### [Given material]
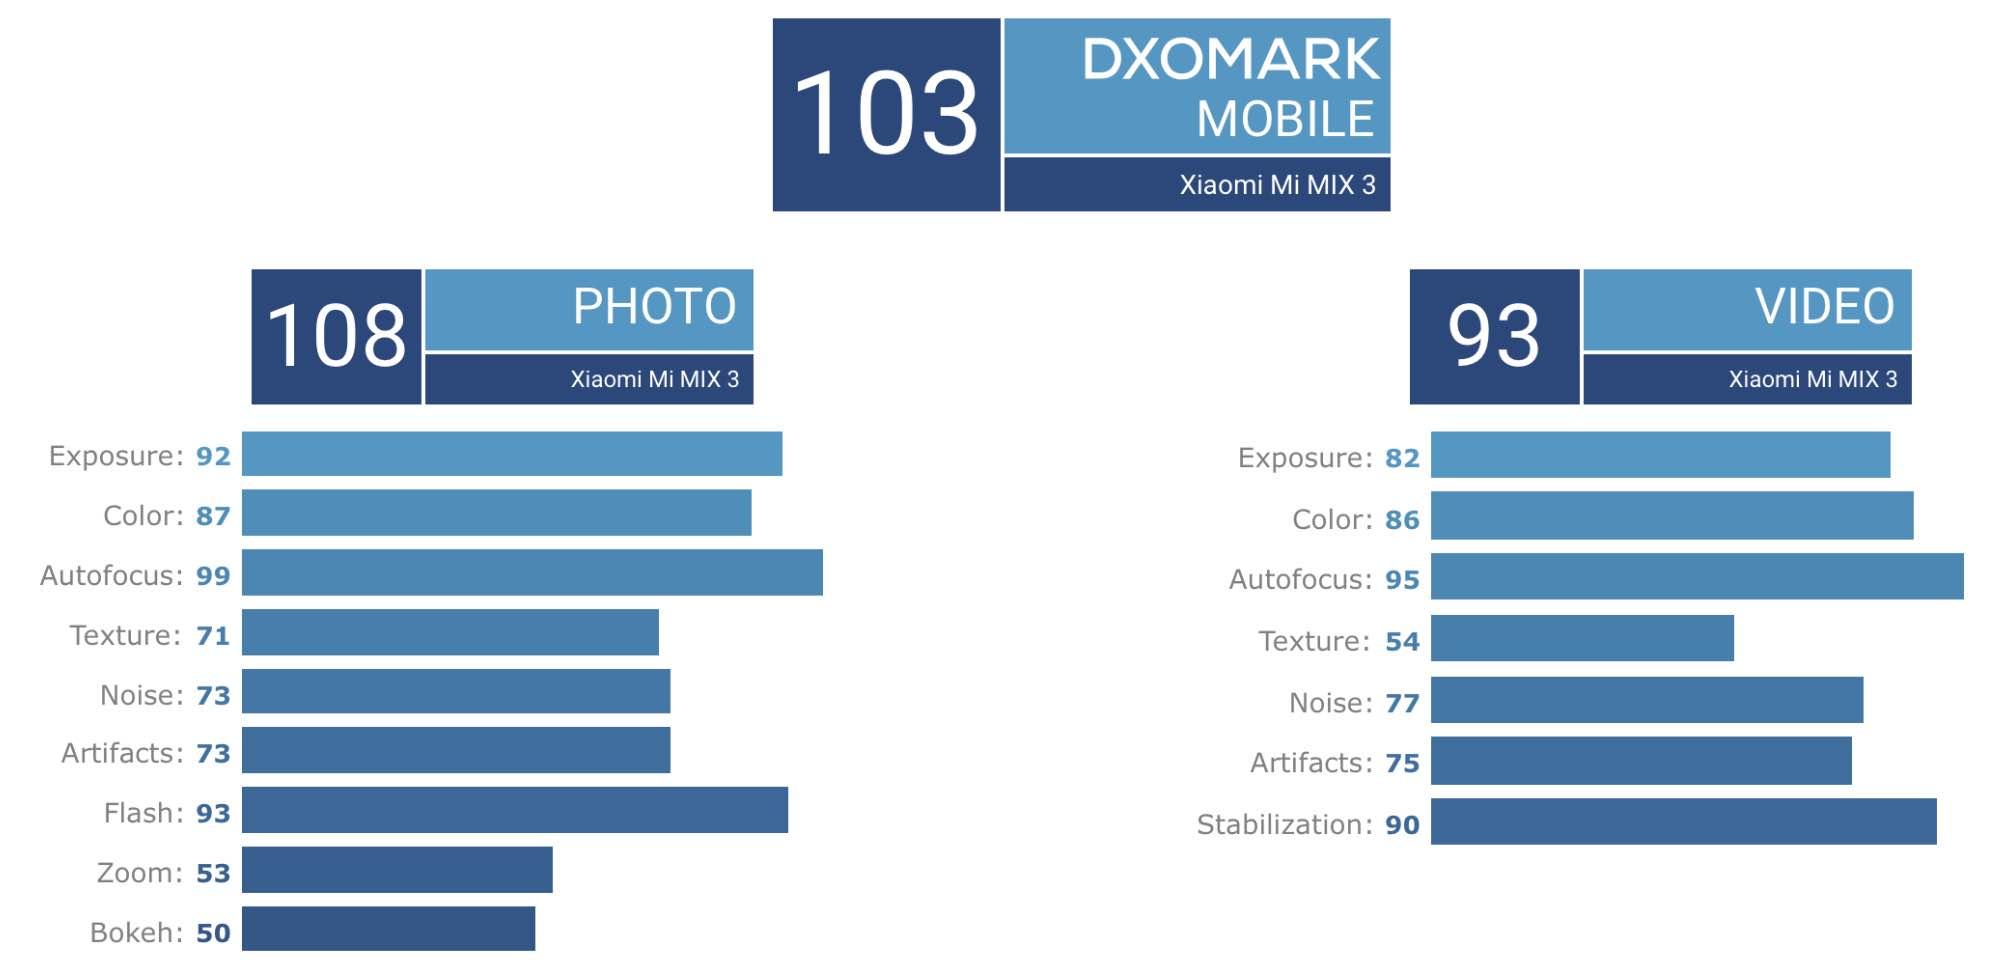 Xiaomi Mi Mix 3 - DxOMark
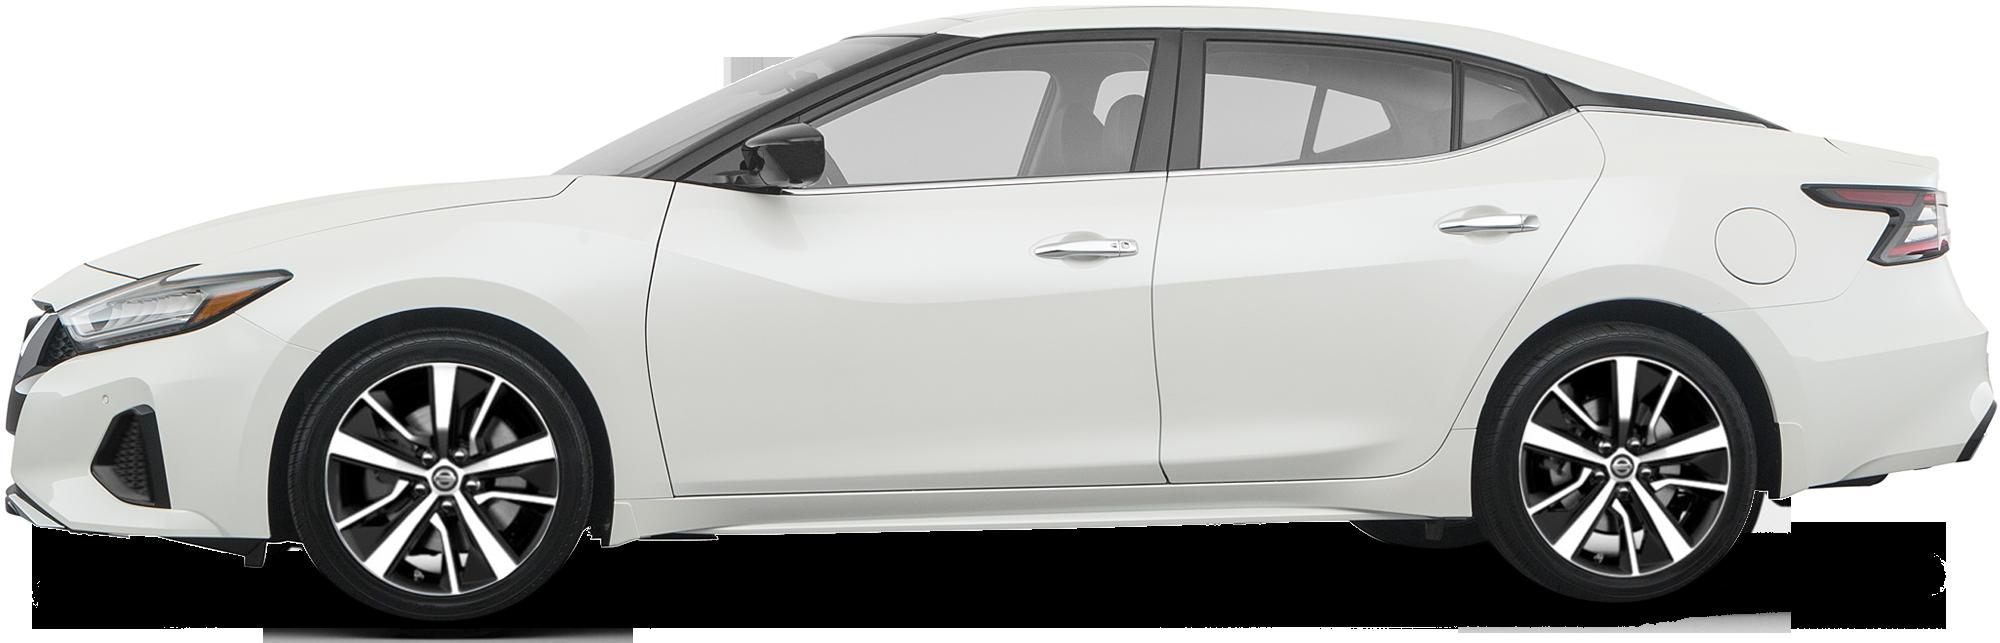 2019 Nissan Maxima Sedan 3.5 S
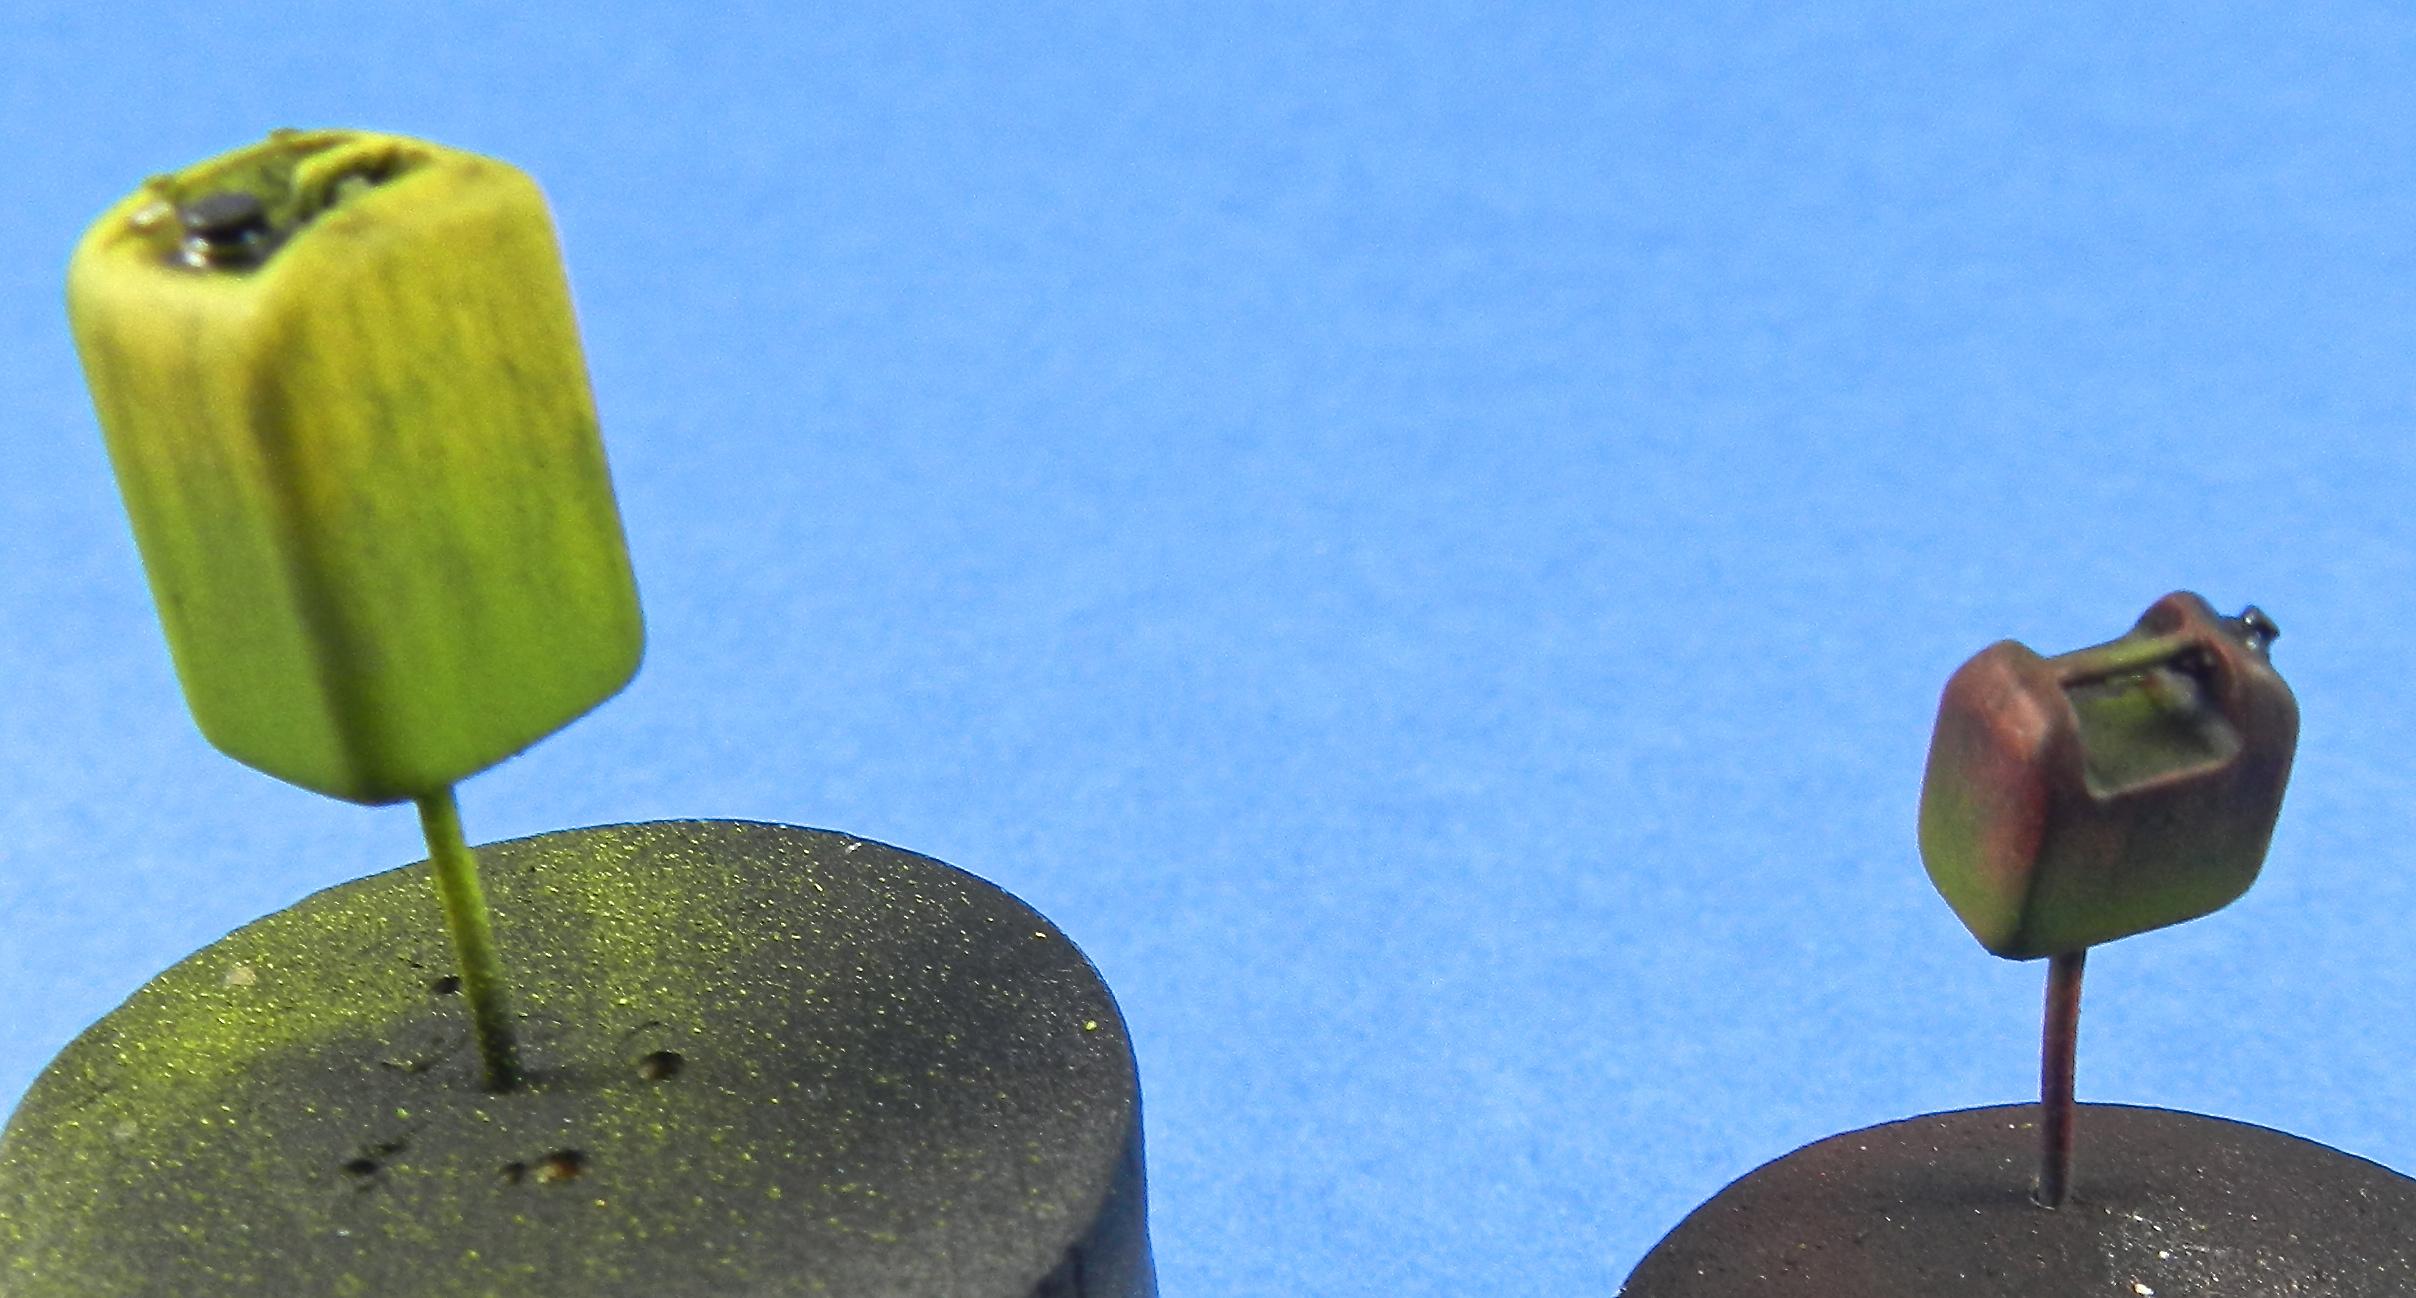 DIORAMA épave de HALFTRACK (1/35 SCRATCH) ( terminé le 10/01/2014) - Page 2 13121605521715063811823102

### [Task brief]
A verbatim transcription of the listing is expected, with no pictures included.

### [Exercise response]
 Xiaomi Mi Mix 3 - DxOMark
 2019 Nissan Maxima Sedan 3.5 S
 DIORAMA épave de HALFTRACK (1/35 SCRATCH) ( terminé le 10/01/2014) - Page 2 13121605521715063811823102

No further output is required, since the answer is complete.